Study Selection and Data Extraction: All English-language phase II to III studies evaluating efficacy and/or safety of ridinilazole, cadazolid, bezlotoxumab, and Fecal Microbiota Transplantation (FMT) were included.
Data Synthesis: Phase II clinical data demonstrates that ridinilazole and cadazolid provide an improved sustained clinical response rate compared to vancomycin. The currently approved monoclonal antibody, bezlotoxumab, has demonstrated protection against recurrent CDI when used in combination with oral standard-of-care antibiotics. FMT may be a potential option for patients with recurrent CDI; however, the data is limited to relatively small, open-label trials in patients with multiple recurrences of CDI. Newer therapies currently in clinical trials have shown to be effective in treating and preventing recurrence of CDI.

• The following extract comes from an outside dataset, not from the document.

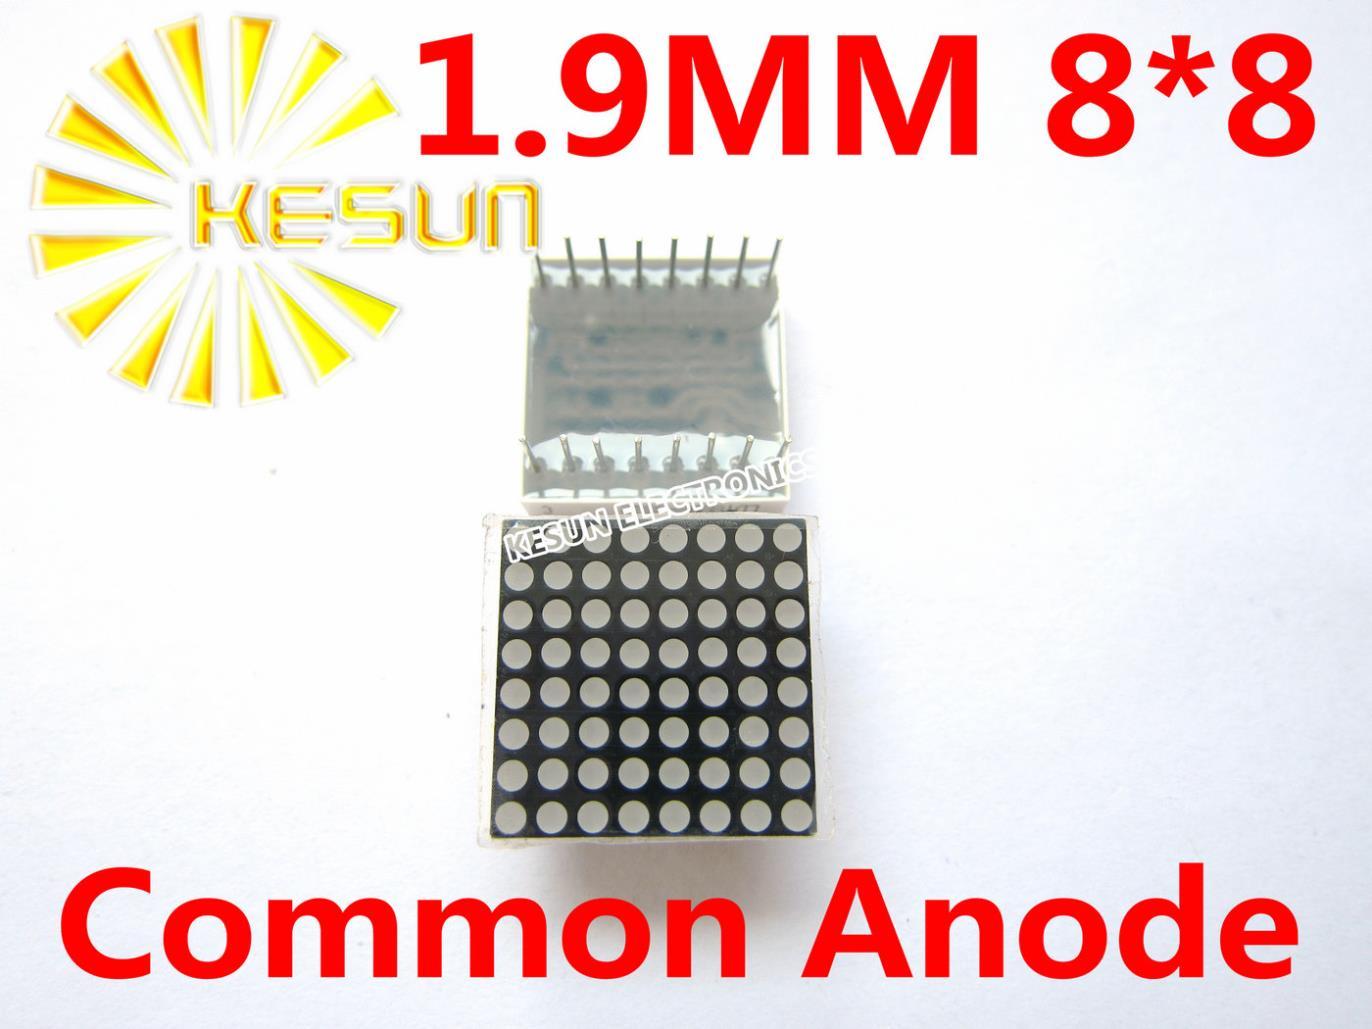 20 pcs/lote 1.9 MM 8 X 8 rouge Anode commune 20 * 20 Tube LED Dot Matrix numérique Module 788BS(China (Mainland))

Conclusion: There are a number of promising agents currently in development that could provide new options for treatment and prevention of recurrent CDI.
Introduction
Clostridium difficile, a Gram-positive, anaerobic, spore-forming bacteria, is the most frequent cause of infectious diarrhea in hospitals and other health care settings[1-3]. Prior antibiotic use can cause disturbance of normal gut microbiota allowing for overgrowth and colonization of toxigenic strains of C. difficile in the colon. The presence of clostridial toxins A and B triggers an inflammatory response which causes damage to intestinal mucosa causing symptoms ranging from mild diarrhea to fatal pseudomembranous colitis, colonic rupture, and death[2,4].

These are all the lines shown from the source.